WHAT IS EXPECTED
Wherever the string "Abbildung" appears in the listing, copy that line.

GIVEN RECORDS
────────────────
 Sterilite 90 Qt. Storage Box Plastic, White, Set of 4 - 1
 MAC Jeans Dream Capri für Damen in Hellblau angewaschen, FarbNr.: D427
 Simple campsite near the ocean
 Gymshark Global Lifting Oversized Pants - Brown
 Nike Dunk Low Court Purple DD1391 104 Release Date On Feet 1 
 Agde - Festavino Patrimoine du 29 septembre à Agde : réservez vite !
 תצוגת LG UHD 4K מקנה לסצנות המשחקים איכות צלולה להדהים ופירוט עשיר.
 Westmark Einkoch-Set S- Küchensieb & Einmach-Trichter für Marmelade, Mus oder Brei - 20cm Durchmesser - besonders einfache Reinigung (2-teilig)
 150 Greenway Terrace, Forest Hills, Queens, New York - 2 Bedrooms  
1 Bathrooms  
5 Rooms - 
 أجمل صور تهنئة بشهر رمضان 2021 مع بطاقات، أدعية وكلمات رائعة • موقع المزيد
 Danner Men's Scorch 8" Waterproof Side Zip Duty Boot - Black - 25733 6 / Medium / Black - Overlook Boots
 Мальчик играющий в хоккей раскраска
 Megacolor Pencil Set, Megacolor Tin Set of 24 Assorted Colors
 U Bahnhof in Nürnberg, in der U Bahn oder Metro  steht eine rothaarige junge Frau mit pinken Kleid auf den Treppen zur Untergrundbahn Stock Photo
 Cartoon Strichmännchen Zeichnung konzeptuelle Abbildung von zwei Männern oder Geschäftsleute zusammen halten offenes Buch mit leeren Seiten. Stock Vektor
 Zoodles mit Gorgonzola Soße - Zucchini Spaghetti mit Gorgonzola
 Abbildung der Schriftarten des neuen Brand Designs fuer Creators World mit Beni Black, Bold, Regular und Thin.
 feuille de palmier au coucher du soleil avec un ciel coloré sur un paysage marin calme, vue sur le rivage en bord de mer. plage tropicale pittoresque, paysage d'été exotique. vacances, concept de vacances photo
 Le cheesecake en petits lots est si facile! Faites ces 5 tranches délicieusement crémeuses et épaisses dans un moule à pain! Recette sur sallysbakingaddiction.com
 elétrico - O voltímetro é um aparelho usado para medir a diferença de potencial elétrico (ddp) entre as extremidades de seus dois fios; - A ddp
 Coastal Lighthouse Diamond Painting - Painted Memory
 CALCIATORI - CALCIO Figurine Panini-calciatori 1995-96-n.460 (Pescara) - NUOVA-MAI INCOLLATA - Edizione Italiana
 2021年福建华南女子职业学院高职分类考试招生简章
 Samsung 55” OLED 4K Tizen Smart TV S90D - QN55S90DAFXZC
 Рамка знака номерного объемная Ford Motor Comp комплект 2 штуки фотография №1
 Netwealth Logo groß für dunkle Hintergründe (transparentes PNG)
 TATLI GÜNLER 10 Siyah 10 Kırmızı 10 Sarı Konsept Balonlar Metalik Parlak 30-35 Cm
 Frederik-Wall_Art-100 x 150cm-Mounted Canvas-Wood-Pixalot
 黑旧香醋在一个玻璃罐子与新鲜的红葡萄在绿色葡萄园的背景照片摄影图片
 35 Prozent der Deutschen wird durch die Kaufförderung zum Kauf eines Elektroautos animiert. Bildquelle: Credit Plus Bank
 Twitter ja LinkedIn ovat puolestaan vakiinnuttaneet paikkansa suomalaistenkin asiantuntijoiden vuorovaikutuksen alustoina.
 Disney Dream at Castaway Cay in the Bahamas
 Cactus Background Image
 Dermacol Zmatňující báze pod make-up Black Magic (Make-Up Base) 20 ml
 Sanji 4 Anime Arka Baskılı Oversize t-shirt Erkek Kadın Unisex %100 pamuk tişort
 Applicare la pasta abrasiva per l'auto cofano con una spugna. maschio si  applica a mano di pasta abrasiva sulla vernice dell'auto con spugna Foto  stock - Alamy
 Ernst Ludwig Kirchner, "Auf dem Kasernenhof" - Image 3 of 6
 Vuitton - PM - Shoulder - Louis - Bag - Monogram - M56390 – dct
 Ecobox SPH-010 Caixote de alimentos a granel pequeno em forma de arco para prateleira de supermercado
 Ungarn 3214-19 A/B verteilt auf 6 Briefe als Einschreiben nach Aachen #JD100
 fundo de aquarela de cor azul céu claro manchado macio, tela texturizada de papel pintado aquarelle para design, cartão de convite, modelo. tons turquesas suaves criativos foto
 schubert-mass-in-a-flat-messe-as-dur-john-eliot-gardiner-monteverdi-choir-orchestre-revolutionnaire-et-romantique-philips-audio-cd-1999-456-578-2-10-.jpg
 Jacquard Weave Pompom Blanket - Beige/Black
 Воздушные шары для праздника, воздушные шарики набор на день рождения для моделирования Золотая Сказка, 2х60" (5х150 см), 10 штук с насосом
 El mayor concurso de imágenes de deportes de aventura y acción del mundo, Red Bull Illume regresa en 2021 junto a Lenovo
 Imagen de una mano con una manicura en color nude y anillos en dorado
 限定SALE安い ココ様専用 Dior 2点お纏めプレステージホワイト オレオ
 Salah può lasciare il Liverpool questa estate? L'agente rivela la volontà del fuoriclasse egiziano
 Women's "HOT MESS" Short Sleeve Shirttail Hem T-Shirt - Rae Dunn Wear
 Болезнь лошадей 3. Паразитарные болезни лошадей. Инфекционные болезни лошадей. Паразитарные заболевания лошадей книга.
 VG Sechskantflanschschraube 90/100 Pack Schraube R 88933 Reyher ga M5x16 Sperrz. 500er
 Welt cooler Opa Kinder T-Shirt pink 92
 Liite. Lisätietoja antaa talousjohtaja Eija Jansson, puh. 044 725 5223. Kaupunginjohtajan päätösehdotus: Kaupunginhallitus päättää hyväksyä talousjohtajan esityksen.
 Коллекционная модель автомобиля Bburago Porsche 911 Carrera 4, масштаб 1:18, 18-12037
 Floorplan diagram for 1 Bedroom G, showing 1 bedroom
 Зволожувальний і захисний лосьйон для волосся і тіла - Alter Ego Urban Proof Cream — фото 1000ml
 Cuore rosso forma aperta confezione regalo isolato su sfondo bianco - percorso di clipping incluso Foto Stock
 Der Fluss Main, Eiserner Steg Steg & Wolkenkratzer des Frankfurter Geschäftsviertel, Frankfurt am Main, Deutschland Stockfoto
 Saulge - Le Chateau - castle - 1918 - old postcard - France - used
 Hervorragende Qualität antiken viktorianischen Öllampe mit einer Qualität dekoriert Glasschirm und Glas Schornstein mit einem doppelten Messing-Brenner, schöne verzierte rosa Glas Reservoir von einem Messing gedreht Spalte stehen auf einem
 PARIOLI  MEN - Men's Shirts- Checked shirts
────────────────
SOLUTION TO THIS EXERCISE
 Cartoon Strichmännchen Zeichnung konzeptuelle Abbildung von zwei Männern oder Geschäftsleute zusammen halten offenes Buch mit leeren Seiten. Stock Vektor
 Abbildung der Schriftarten des neuen Brand Designs fuer Creators World mit Beni Black, Bold, Regular und Thin.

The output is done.